Add `add_files` procedure in Iceberg connector

trinodb / trino

Official repository of Trino, the distributed SQL query engine for big data, formerly known as PrestoSQL (https://trino.io)

https://trino.io

Apache License 2.0

10.1k stars 2.92k forks source link

Add `add_files` procedure in Iceberg connector #11744

Open erikerlandson opened 2 years ago

erikerlandson commented 2 years ago

like so: https://github.com/RussellSpitzer/iceberg/blob/a4279fc5842046043f2afdc90f2428243958574d/spark3-extensions/src/test/java/org/apache/iceberg/spark/extensions/TestAddFilesProcedure.java#L80

osscm commented 2 years ago

erikerlandson commented 2 years ago

One of the use cases I had in mind for this was that the files I want to add are sitting on some s3 bucket. So in this use case,there needs to be a way to supply add_files with s3 credentials, as parameters.

alexjo2144 commented 1 year ago

Similarly to the Hive connector's allow-register-partition-procedure this should be disabled by default and opted in using a catalog property. The idea being that it should only be turned on if file system location based access control is in place.

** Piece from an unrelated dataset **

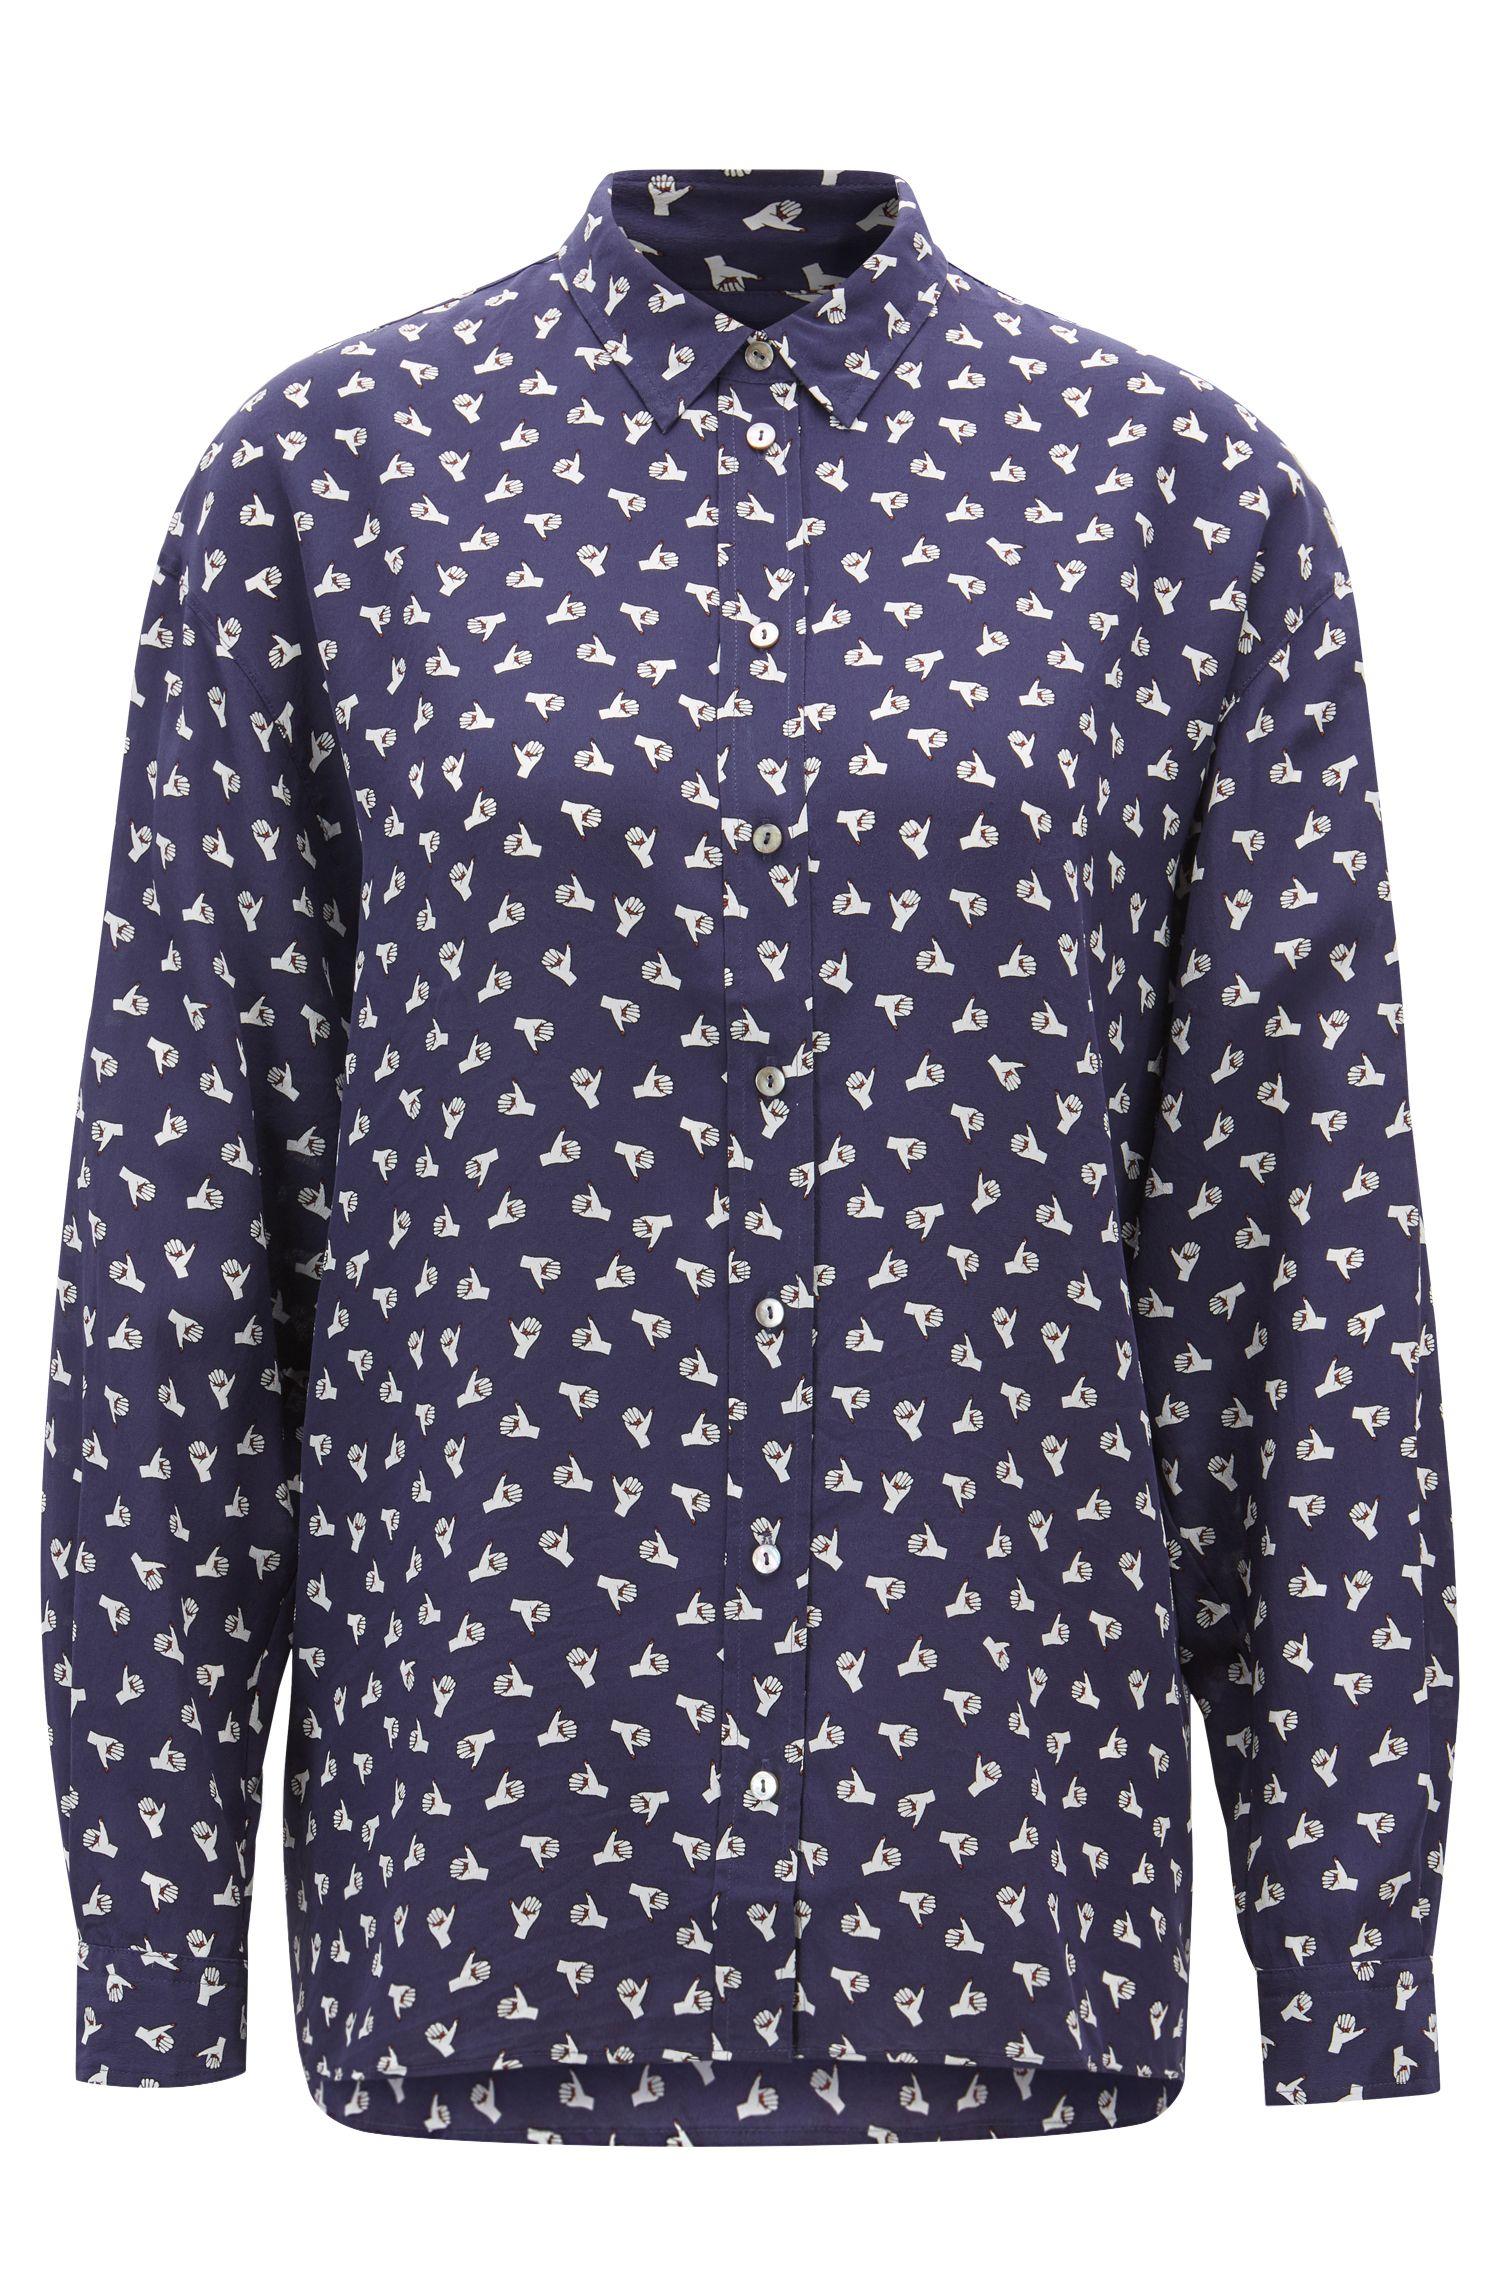 Oversized Bluse aus bedruckter Seide, Gemustert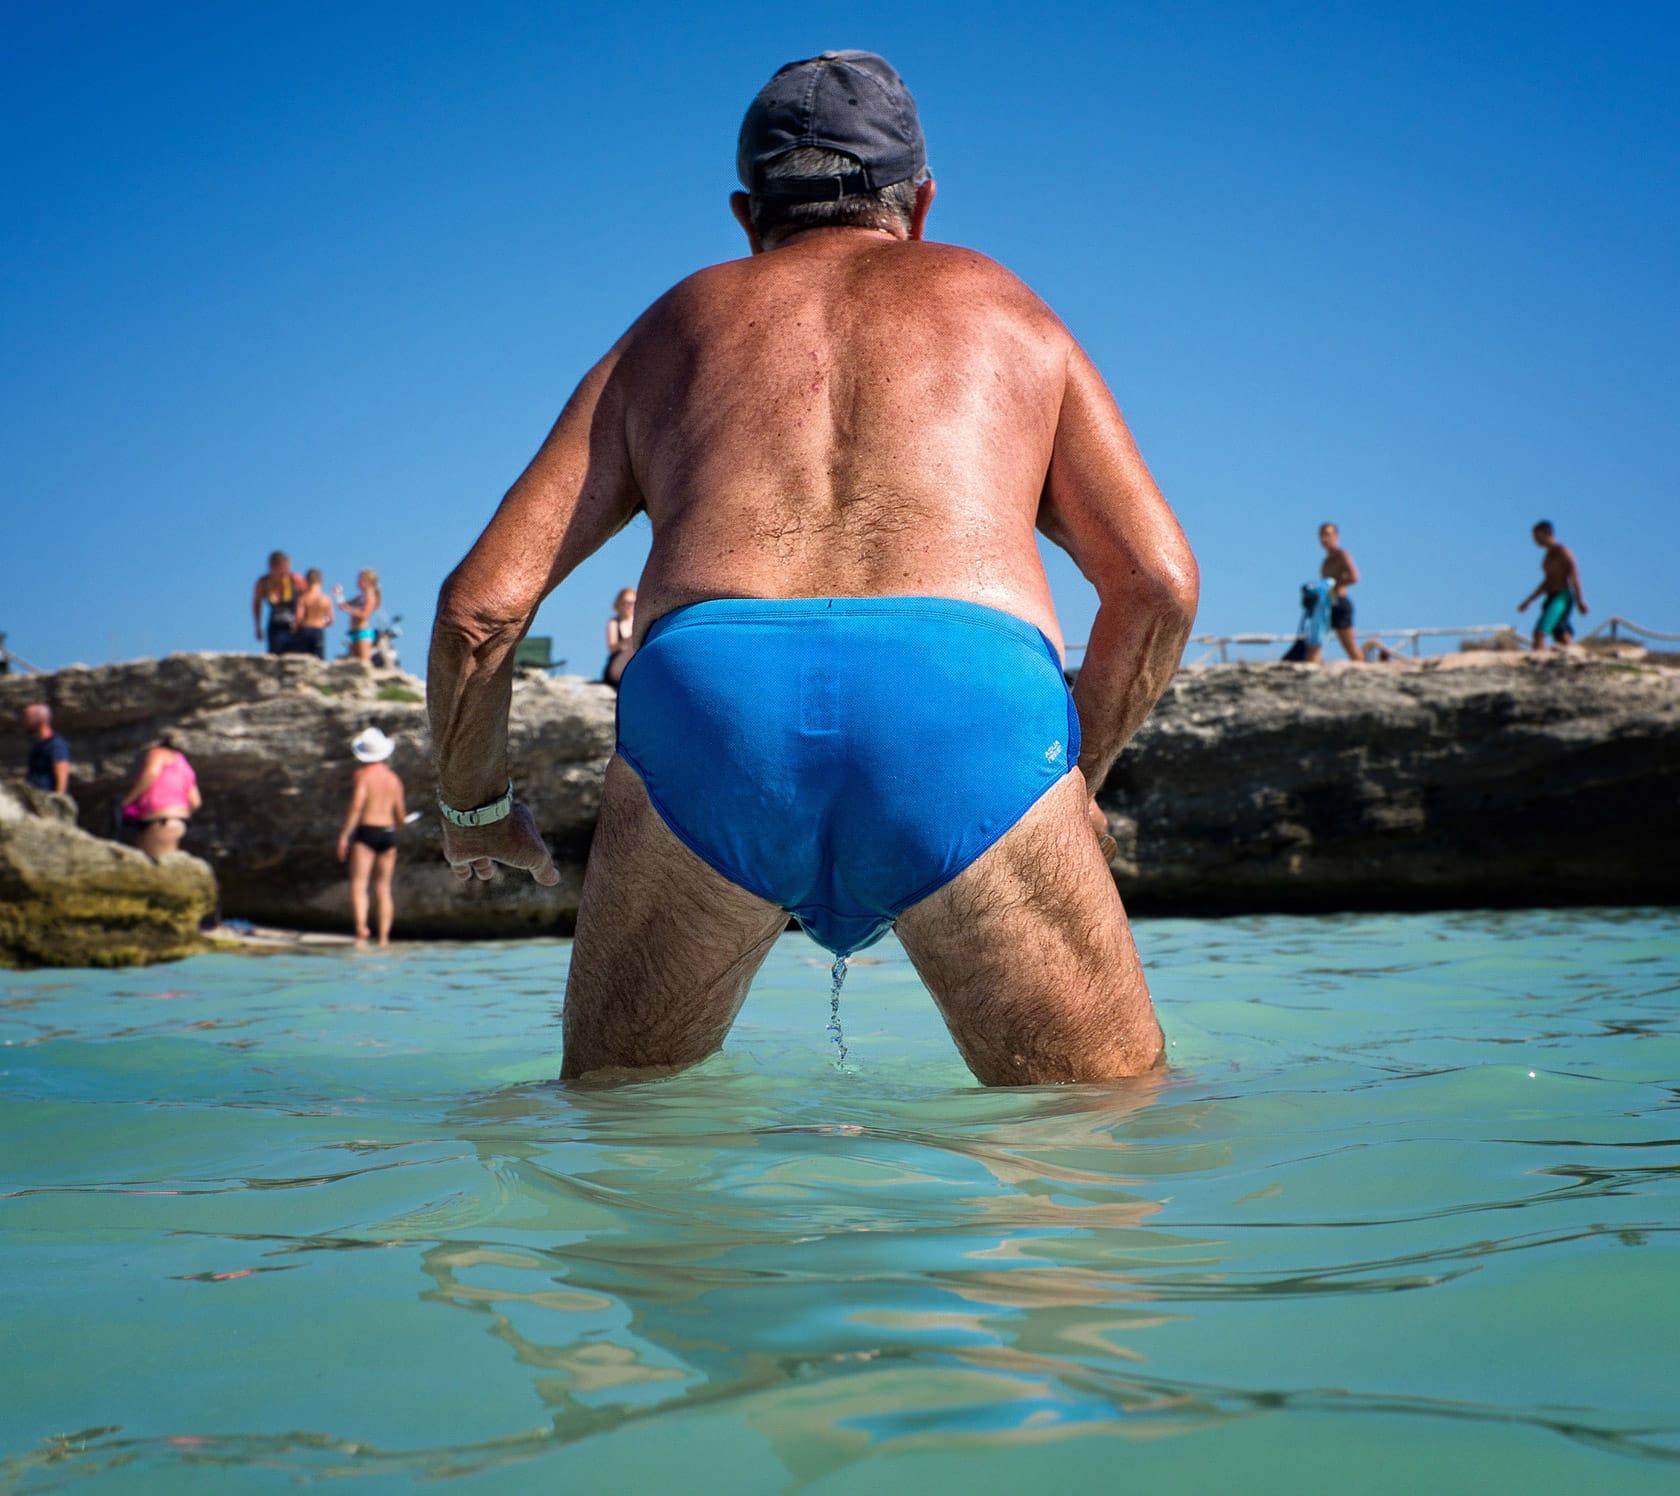 Lorenzo Grifantini Beach Street Photography 1

blopezpi commented 1 year ago

Any updates on this? It will be great to have this procedure for importing a bunch of data directly avoiding any insert command.

anandsakhare commented 10 months ago

ebyhr commented 1 month ago

@martint Could you review the syntax of this procedure? The procedure name in Spark is add_files. The detailed information is documented at https://iceberg.apache.org/docs/latest/spark-procedures/#add_files

The arguments should follow Trino conventions (e.g. source_table should not be abused for locations), but the name looks good to me.